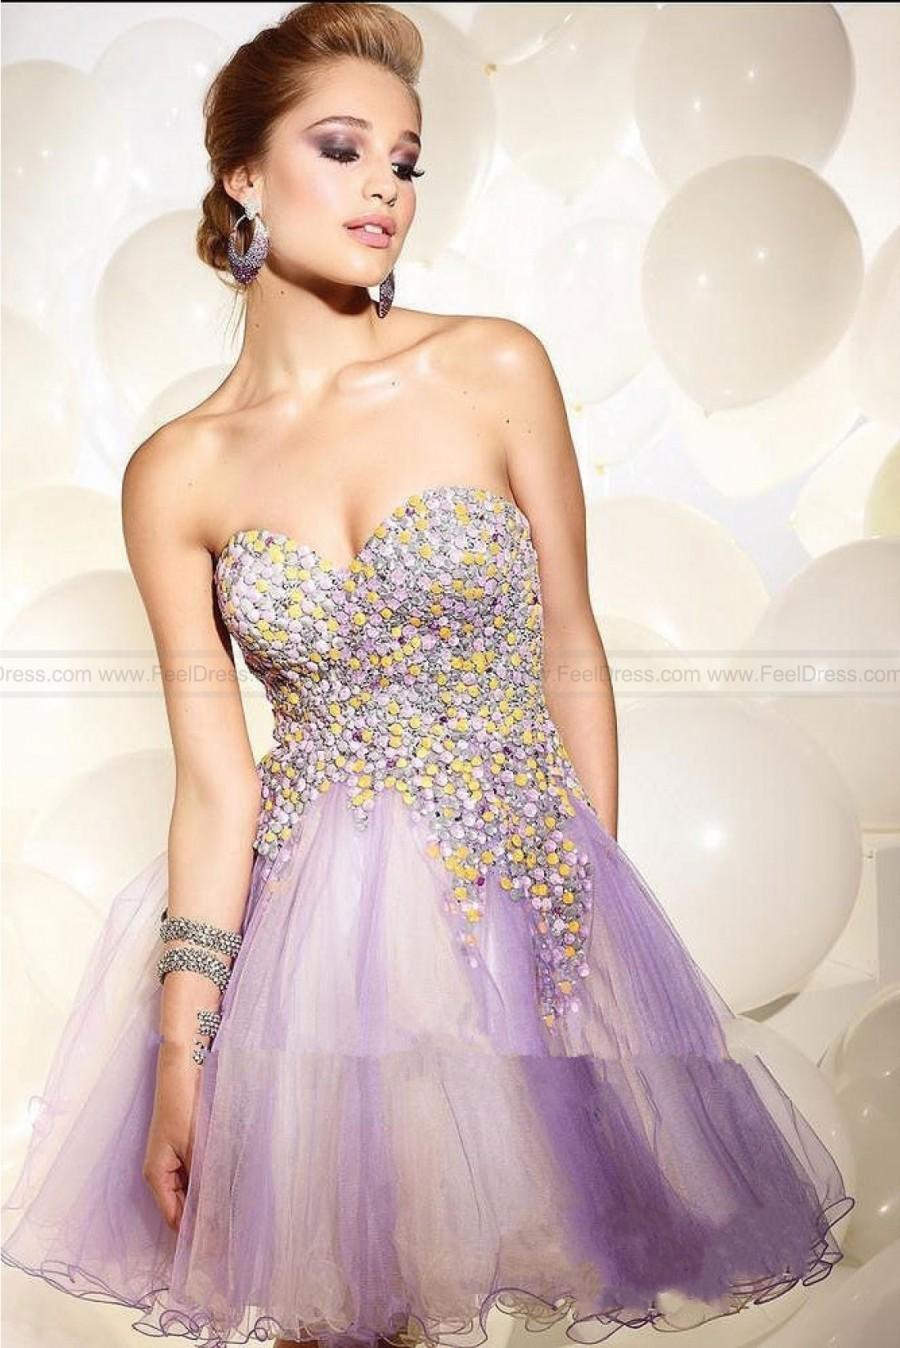 Wedding - Ball Gown A-line Sweetheart Strapless Tulle Cocktail Dress
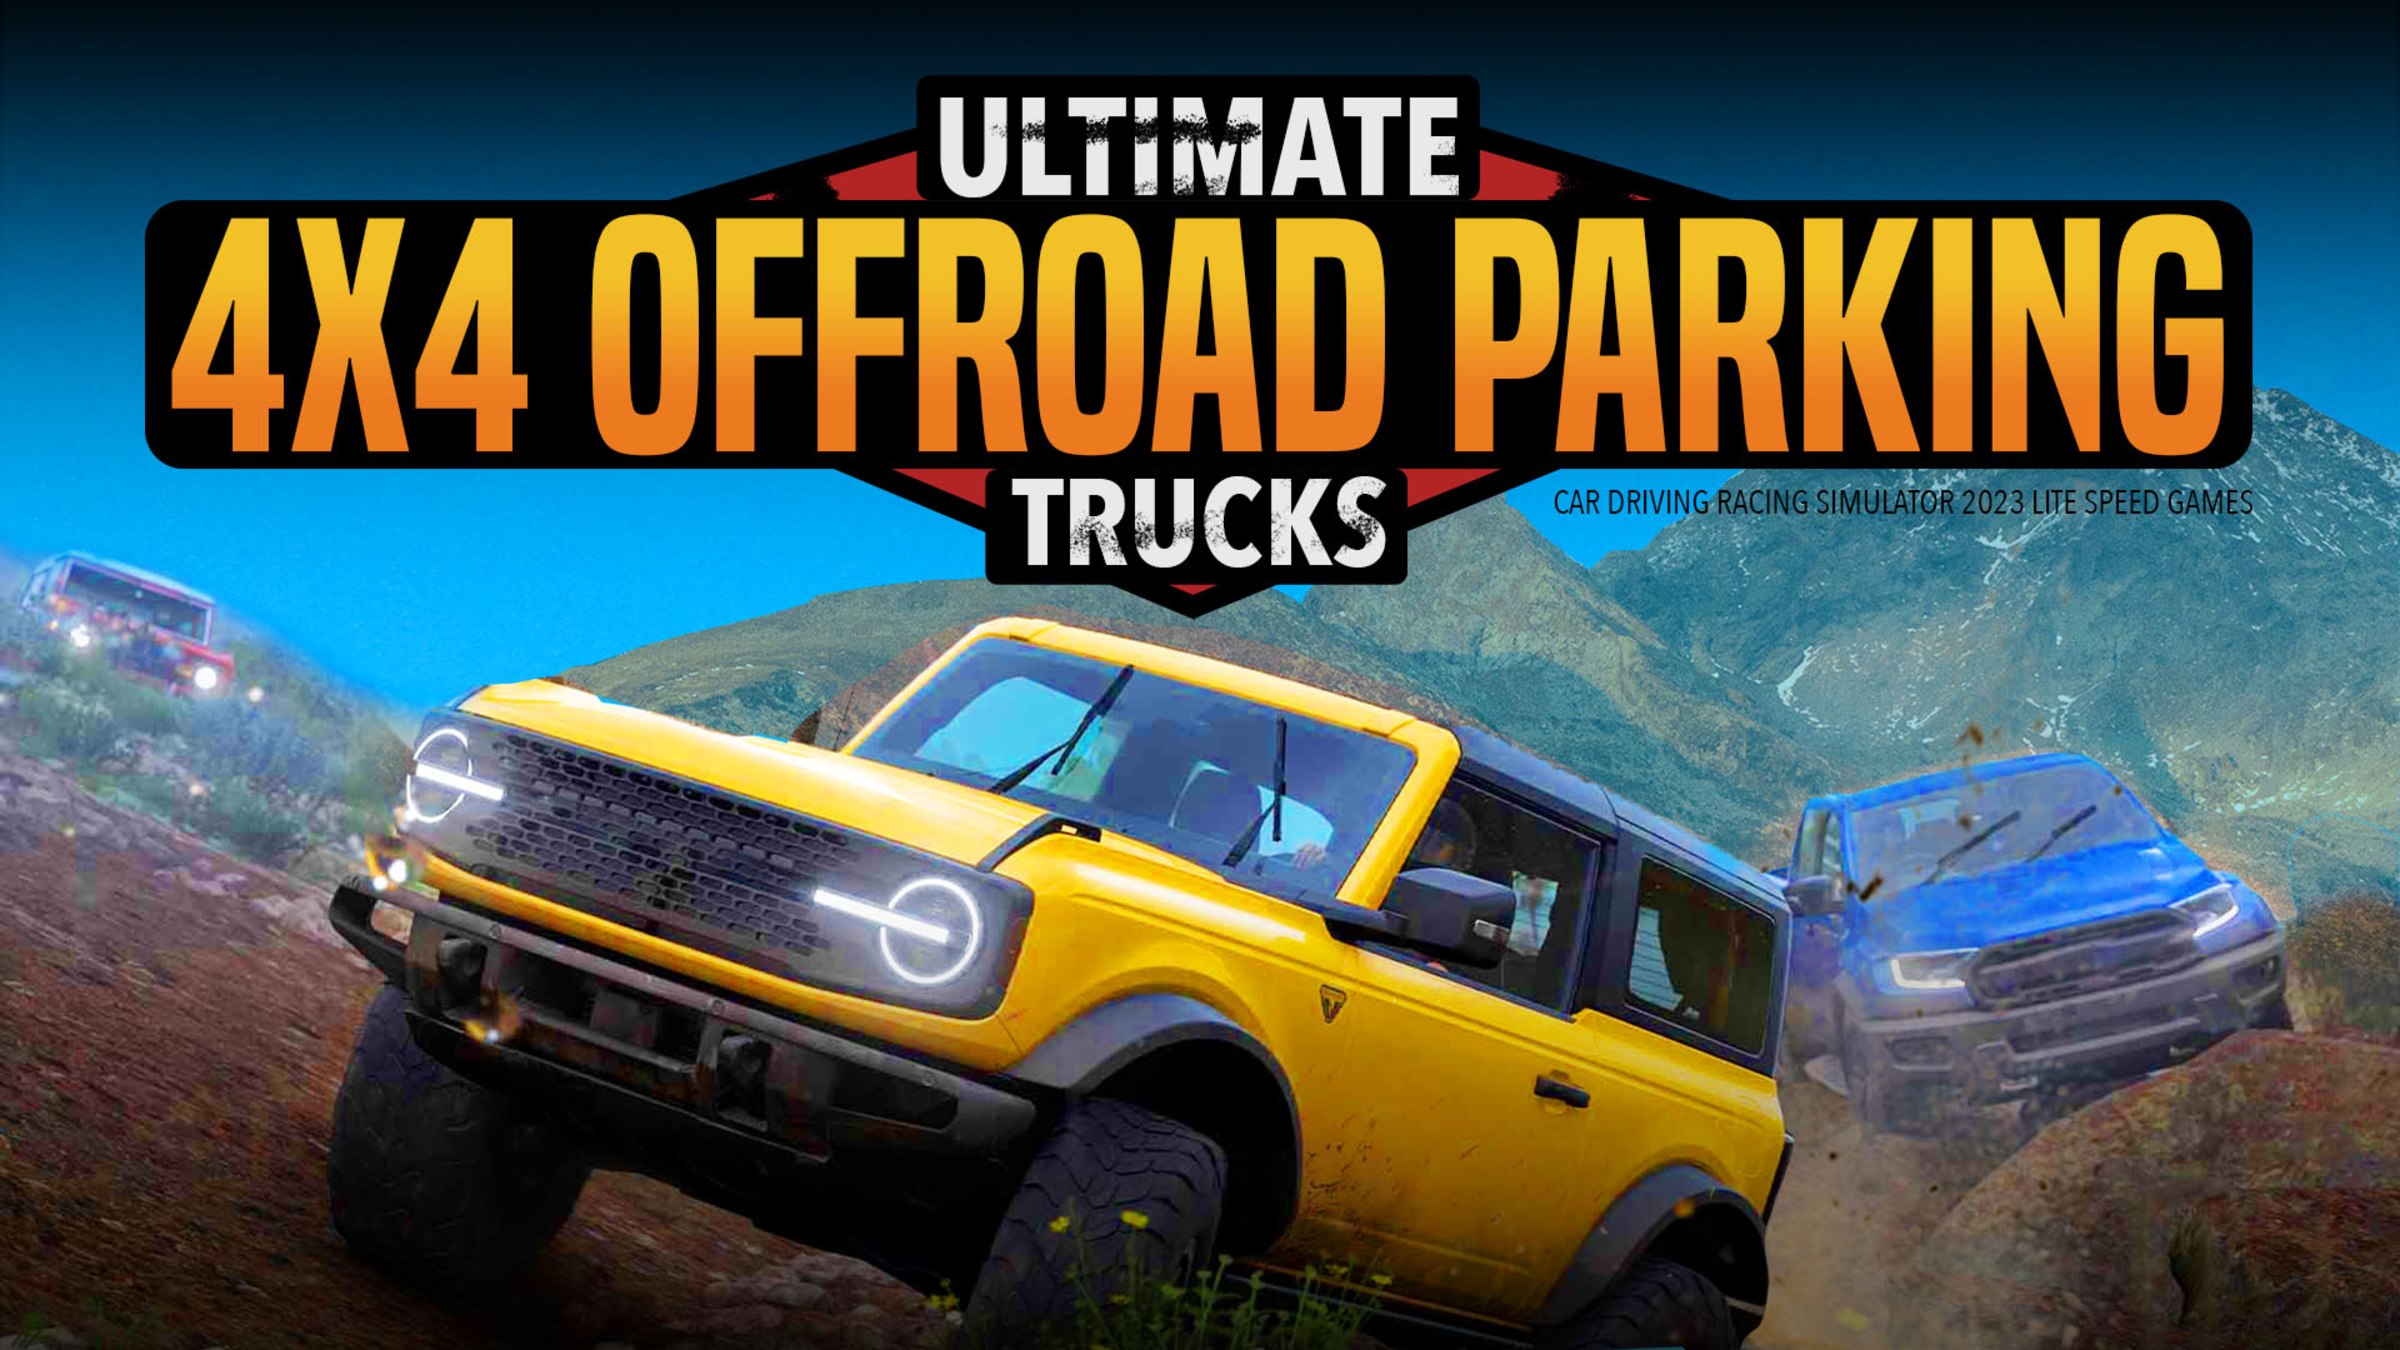 Ultimate 4x4 Offroad Parking Trucks :Car Driving Racing Simulator 2023 LITE  Speed Games for Nintendo Switch - Nintendo Official Site
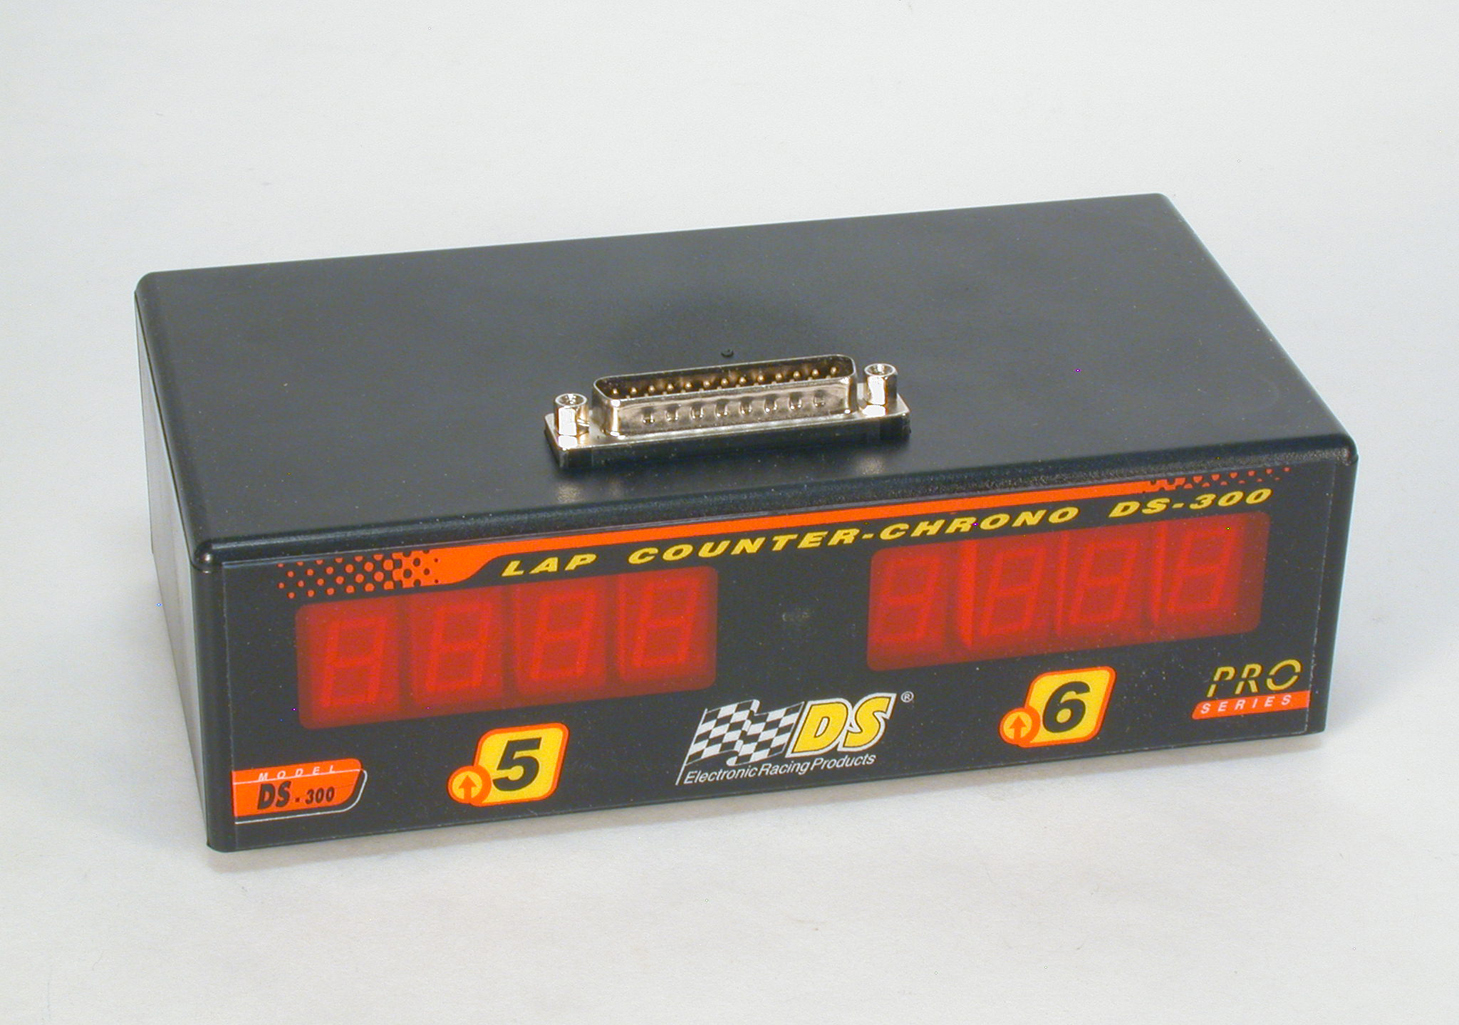 DS-356 Lap Counter - Module for Lanes 5 and 6
-=-=-=-=-
■ Activity ■
Here the lines from the one containing "Ultimate 4x4 Offroad" through the end of the material are to be copied exactly, with the pictures omitted.

■ Answer to the exercise ■
 Ultimate 4x4 Offroad Parking Trucks :Car Driving Racing Simulator 2023 LITE  Speed Games for Nintendo Switch - Nintendo Official Site
 DS-356 Lap Counter - Module for Lanes 5 and 6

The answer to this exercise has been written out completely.